Similar in many ways to my poetry writing, song writing is something that doesn’t take long. Unlike the poetry, it is something that does hold my interest a little more. I have played guitar for over 5 years and have occasionally strayed from strumming out my favourite songs to come up with a few of my own.

There are two main influences in my style of music, the first being Jim Steinman and the second being Bruce Springsteen. Both songwriters have similar focuses and styles, but also have their own unique and distinct subjects.

I came to Bruce Springsteen’s music in 2000, through his commercial hits Dancing In The Dark and Born In The USA. Although not his greatest songs in some ways, they were the thumping anthems that drew me in. The first Springsteen album I purchased was his Greatest Hits collection purely for these two songs. Out of sheer laziness, and the fact that I was too far from the stereo to be bothered to skip tracks, I let the album run its course and found that away from the bombastic anthems there was something else there. There was a human touch, songs that told stories about people; people beaten, people down on their luck, people in love, people who were real.
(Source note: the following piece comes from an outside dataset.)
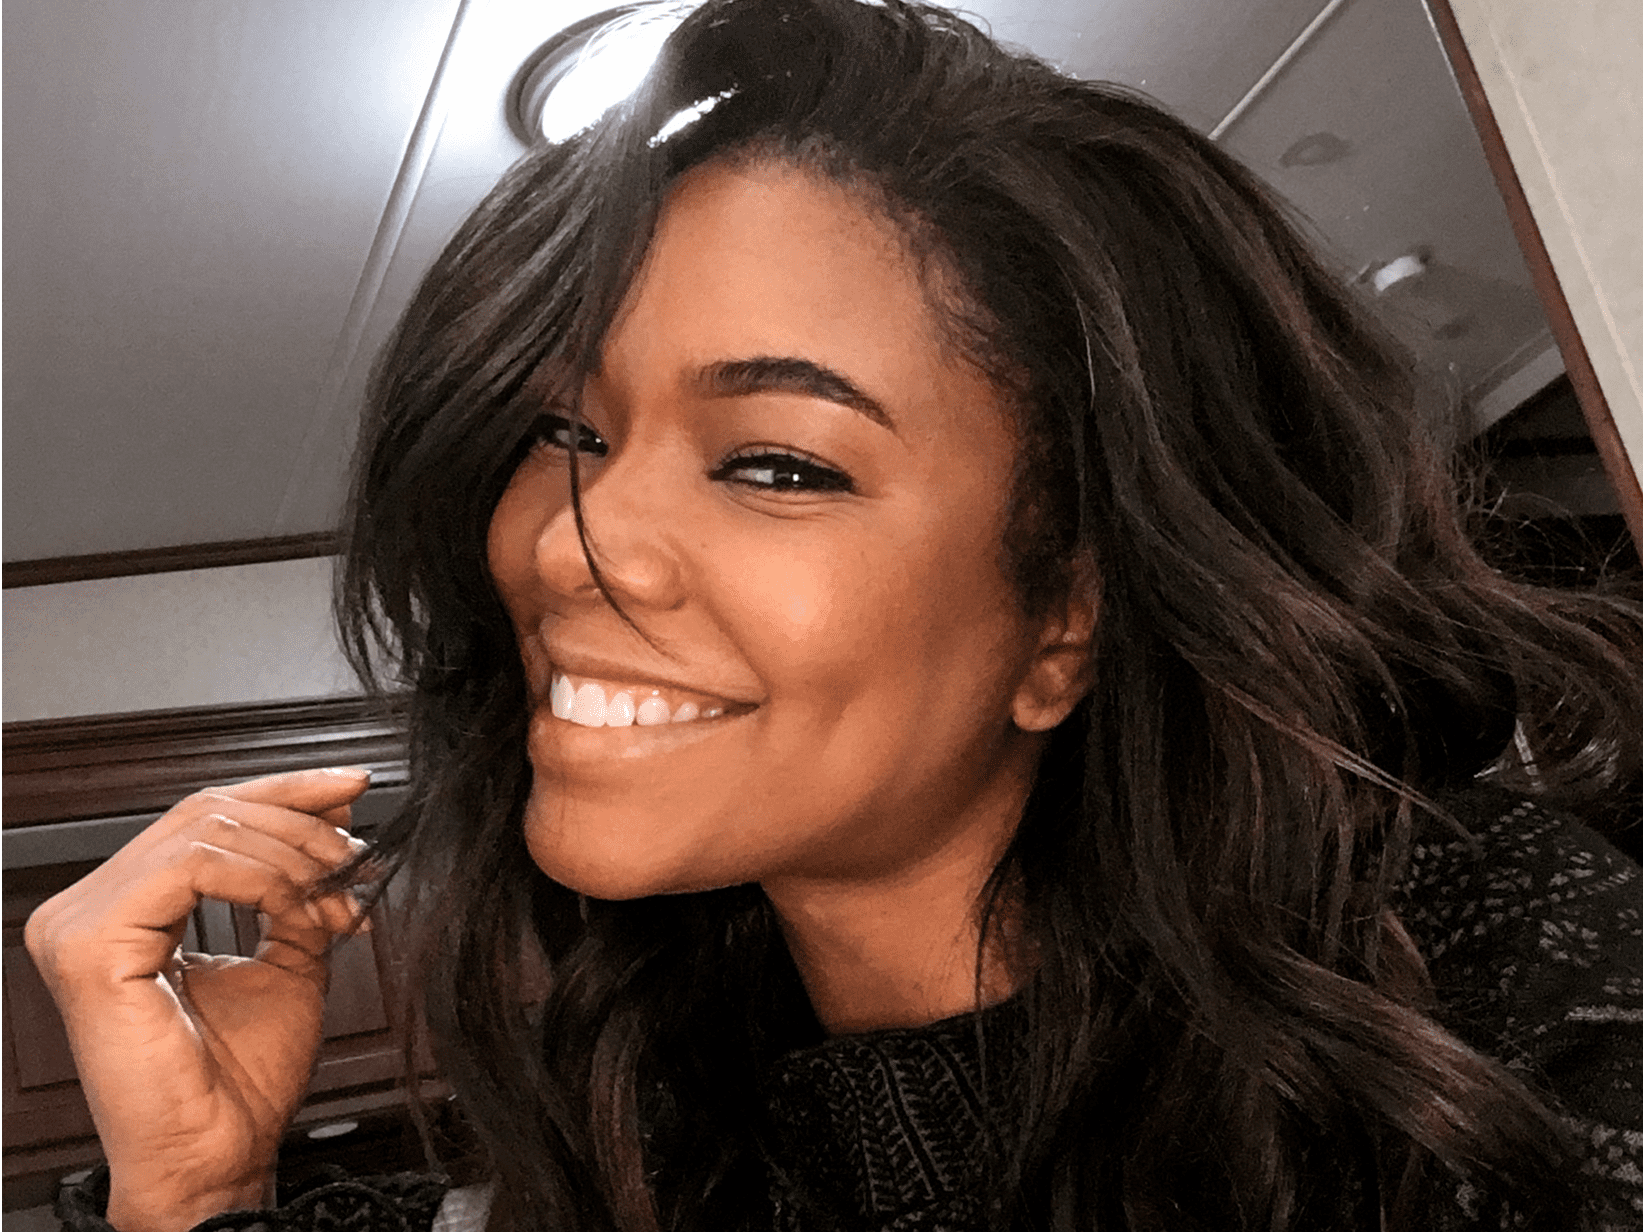 Gabrielle Union Will Soon Share Baby Kaavia James' Opinion With The World

In his songs, from the Asbury Park boardwalks of his first album to the war torn lives of his latest, Springsteen always focuses on the person and the way their lives are changing or have been changed. The vision of his songs is cinematic, but his subjects are all human.

 

Jim Steinman has a similar visual feel to his songs, the main difference being that he takes the real people of Springsteen and takes them on extreme flights of fantasy. His work is dark, occasionally gothic, always humorous and taken as far as it can go before being pushed even further. Probably the best example of this is the song Bat Out Of Hell, one of Steinman’s most loved tracks. The song itself is sung by young and old, but some still fail to see the images that Steinman has implanted into the lyrics. The title, like many of his titles, is an oft used phrase meaning to go fast. This works well with the song as it features a motorcyclist tearing through the streets of a city, but it also has a double meaning which comes at the end of the song. The motorcycle crashes, so extreme that this rider sees his beating heart tearing out of his chest and being flung from his chest “like a bat out of hell.” Listen to the lyrics if you don’t believe me.

  

It is Steinman’s plays on words that I have always thought make a song something more than it is with simple clichéd lyrics. Take the cliché and turn it on its head. When it doesn’t work, it’s bad, but when it does, it’s genius. I think personally I’m nowhere near the genius level yet, although one lyric of mine that I do like is from a song called “A Conspiracy Of Mirrors”, and it is the hookline from the end of the chorus which goes “I know I can never be a winner/In this conspiracy of mirrors.” It’s a line that is surreal, yet describes how life can sometimes be, when all you seem to see are the same things staring back at you time and time again, and you feel as though you are trapped in a ring of mirrors with no escape.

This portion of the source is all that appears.